Search code examples
phpsql-injection

Is this code anti mysql injection?

I got this example from one website. And I am about to upgrade the security of my code. So May I have your opinion if this kinda code strong enough to prevent the injection?

$sql = sprintf(
    "
    INSERT INTO `members`
    (`id`, `username`, `password`, `first_name`, `last_name`)
    VALUES
    ('', '%s', '%s', '%s', '%s')
    ",
    mysql_real_escape_string($con,$_POST['username']),   // %s #1
    mysql_real_escape_string($con,$_POST['password']),   // %s #2
    mysql_real_escape_string($con,$_POST['first_name']), // %s #3
    mysql_real_escape_string($con,$_POST['last_name'])   // %s #4
);

$con is from the mysql connection

Solution

  • No, that code is not strong enough to prevent injection. There are a number of things wrong with it. Firstly, mysql_* functions are deprecated since PHP 5.5.0. Always use the mysqli_ extension's equivalent functions. I find it peculiar you knew to escape the strings, but you didn't know to hash() your password before inserting it into the table. Never store users' passwords in plain text in your database. You want to use Prepared Statements for the most effective way of preventing SQL injection. Try something like this.

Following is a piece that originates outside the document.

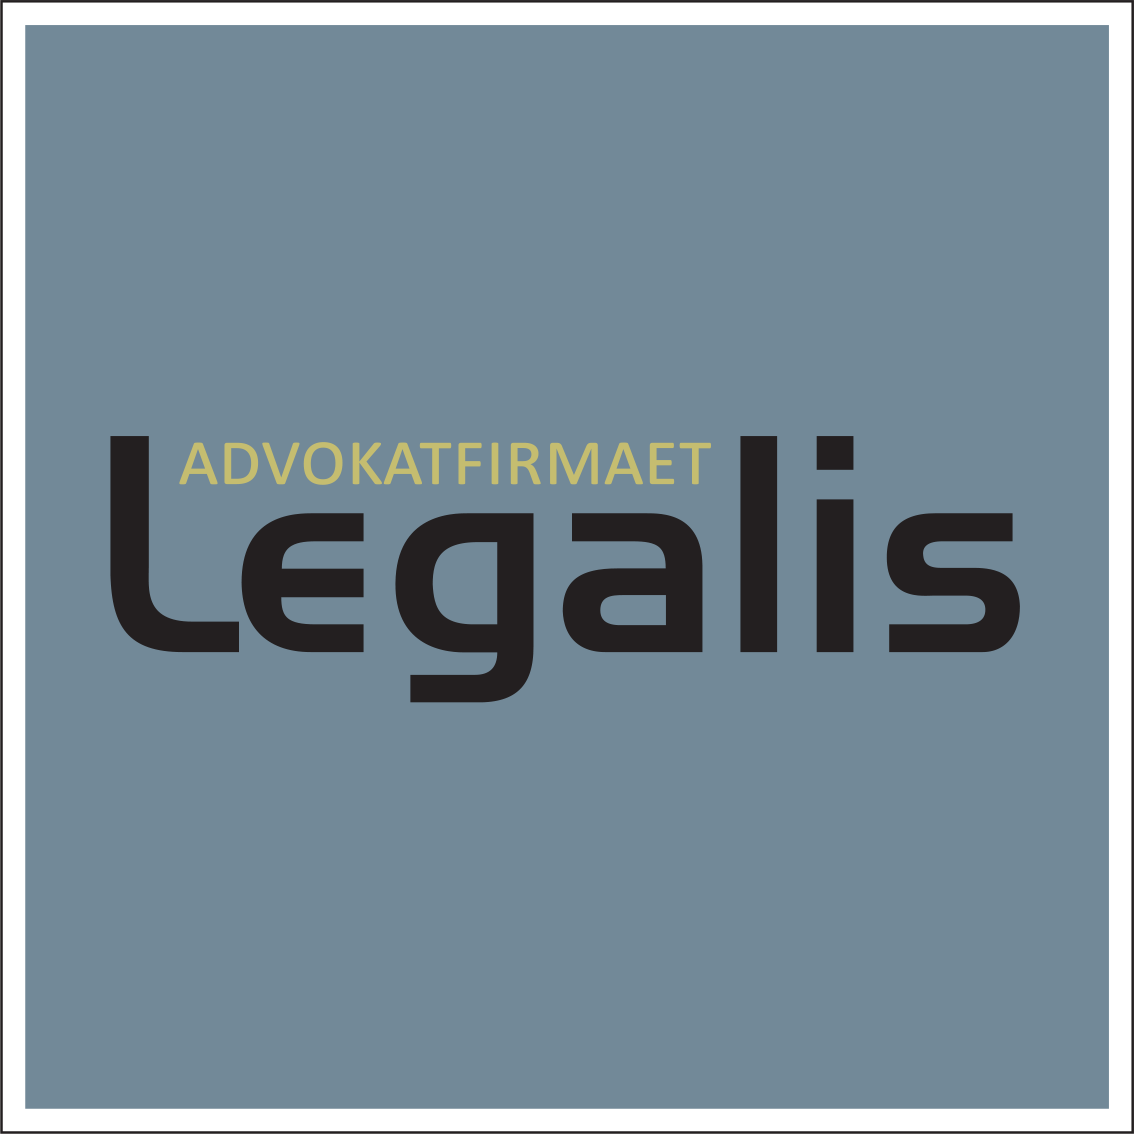 ME-foreningen har avtale med advokatfirmaet Legalis om 1 times gratis rådgiving for medlemmene.

    $q = "INSERT INTO `members` (`id`, `username`, `password`, `first_name`, `last_name`) VALUES ('', ?, ?, ?, ?)";
$stmt = mysqli_prepare($con, $q);
mysqli_stmt_bind_param($stmt, "ssss", $p_user, $p_pass, $p_first, $p_last);

$p_user = $_POST['username'];
$p_pass = hash("sha256", $_POST['password']);
$p_first = $_POST['first_name'];
$p_last = $_POST['last_name'];

mysqli_stmt_execute($stmt);
mysqli_stmt_close($stmt);

    See, in the initial query string, you want to use VALUES ('', ?, ?, ?, ?). The question marks are placeholders for the parameters, which you bind using variables.

    Have a look at the PHP.net manual on mysqli::prepare to get a feel for how prepared statements work. These things are very important for securing your website, and protecting users' information. It is not necessary to use mysqli_real_escape_string() when using prepared statements, as the parameters are already escaped.

    And a side note: when you hash your passwords, don't fall back on the commonly-used md5(), as this is very insecure and easily-crackable by today's standards. Use a more secure algorithm, like sha256.